Closed GoogleCodeExporter closed 8 years ago
Comparing
http://www.opensource.apple.com/source/Libc/Libc-391.2.10/include/malloc/malloc.
h and
http://www.opensource.apple.com/source/Libc/Libc-763.12/include/malloc/malloc.h
, we should be able to use the _leopard_malloc_zone for 10.4 as well.
Original comment by classi...@floodgap.com
on 13 Apr 2013 at 12:15
Original comment by classi...@floodgap.com
on 13 Apr 2013 at 12:16
Tobias, how are you enabling mozalloc? The changesets show your change to
jemalloc.c, but that doesn't even get compiled here, and I can't see where
you're twiddling MOZ_MEMORY (unless you're changing it through some other
means).
Original comment by classi...@floodgap.com
on 15 Apr 2013 at 2:44
(and what about https://bugzilla.mozilla.org/show_bug.cgi?id=702250 ?)
Original comment by classi...@floodgap.com
on 15 Apr 2013 at 2:46
Fixed MOZ_MEMORY and short-circuited memalign which doesn't exist on 10.4
(instead it uses the built-in ipalloc). Confirmed osx_use_jemalloc is true by
writing in if (osx_use_jemalloc) __asm__("trap\n") and verifying JS traps there
(it does). V8 passes with jemalloc. Doesn't make a lot of difference there, but
we'll build the full browser and then see if I can trigger M702250.
Original comment by classi...@floodgap.com
on 15 Apr 2013 at 3:58
Also had to make a tweak in storage/ because 10.4's zones don't have
malloc_good_zone in them (changed it to simply use 16-byte-aligned stores).
Incredibly the browser not only works, but is (especially for DEBUG) very
quick. Many of the sites in issue 193 are better, implying that resource
starvation may be part of the reason for all those threads sitting around in
wait.
However, drag and drop (thus can't test M702250), cut and paste, and printing
are all messed up. Printing may be revenge of issue 82. I'm trying to figure
out what's wrong with the other two. Running a non-jemalloc build tonight to
try to exonerate it as the cause. I suspected M647216 but trying to work around
it just made things worse.
Original comment by classi...@floodgap.com
on 16 Apr 2013 at 5:19
Printing appears to be issue 82, but cut and paste and drag and drop all work
in a non-jemalloc build. Even if osx_use_jemalloc is set to false (using the
environment variable NO_MAC_JEMALLOC), it does not work. I'm suspicious
alignment is to blame, but IonMonkey has higher priority right now. Dropping
milestone, though we do want this.
Original comment by classi...@floodgap.com
on 16 Apr 2013 at 1:39
https://bugzilla.mozilla.org/show_bug.cgi?id=691003 makes me think our minimum
size should be 16 bytes, always, even for tiny allocations.

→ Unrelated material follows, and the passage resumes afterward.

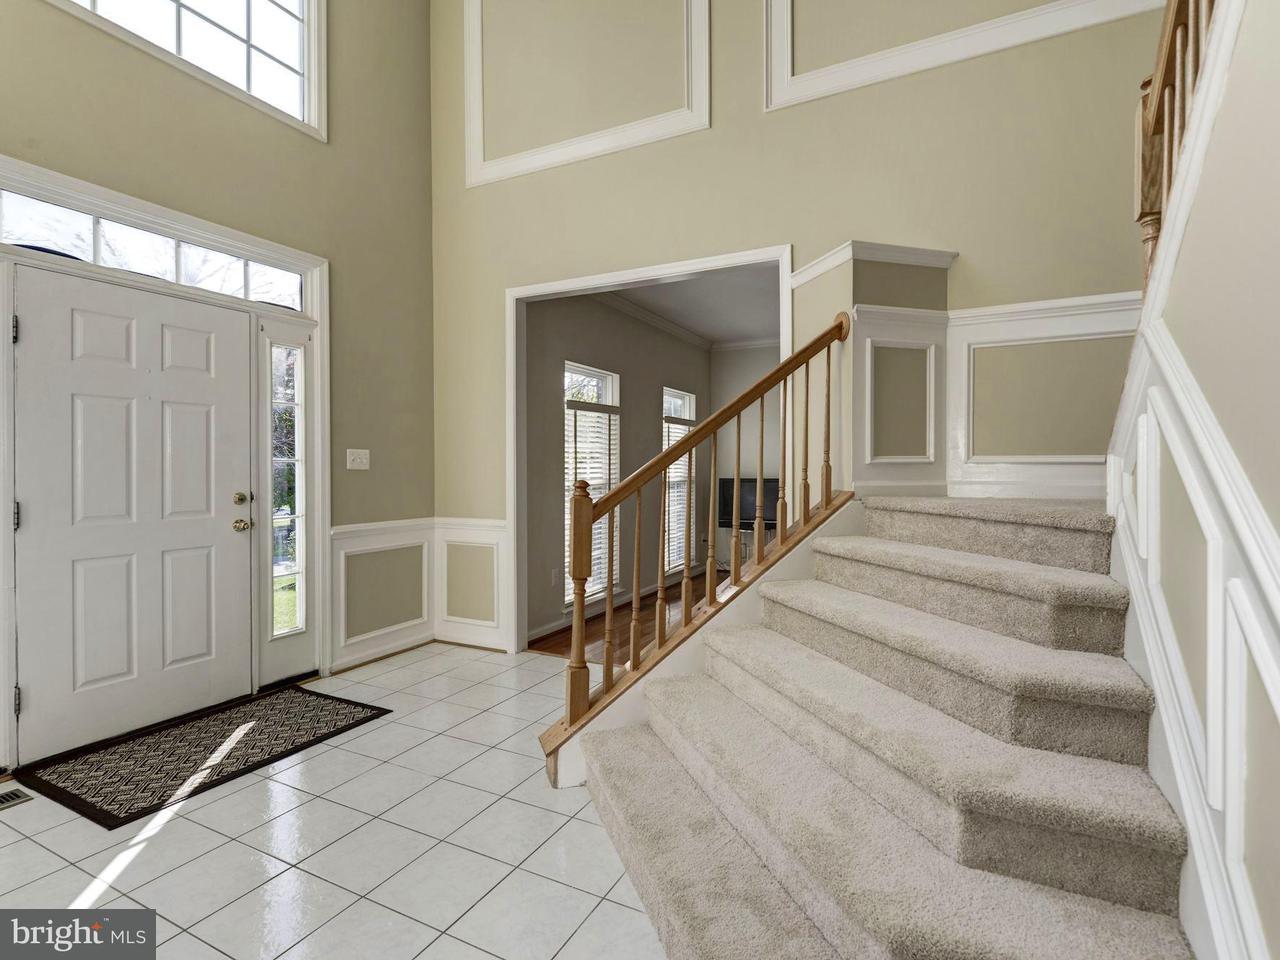 Einfamilienhaus für Verkauf beim 12608 SHOAL CREEK TER 12608 SHOAL CREEK TER Beltsville, Maryland 20705 Vereinigte Staaten

Original comment by classi...@floodgap.com
on 16 Apr 2013 at 10:59
... i.e. change #define TINY_MIN_2POW (sizeof(void*) == 8 ? 3 : 2) to
4 (forcing 2^4 minimum allocations).
Original comment by classi...@floodgap.com
on 16 Apr 2013 at 11:05
That didn't fix it.
Original comment by classi...@floodgap.com
on 18 Apr 2013 at 1:23
I was able to proove that AuroraFox uses jemalloc by setting breakpoints in
some of the functions of jemalloc. The patches in the Changesets are exactly
what is needed to get it working (actually it wasn't correctly enabled for some
versions but that was fixed) - BUT at least at one moment I could reproducibly
crash the browser using drag and drop, however it occurs very rarely.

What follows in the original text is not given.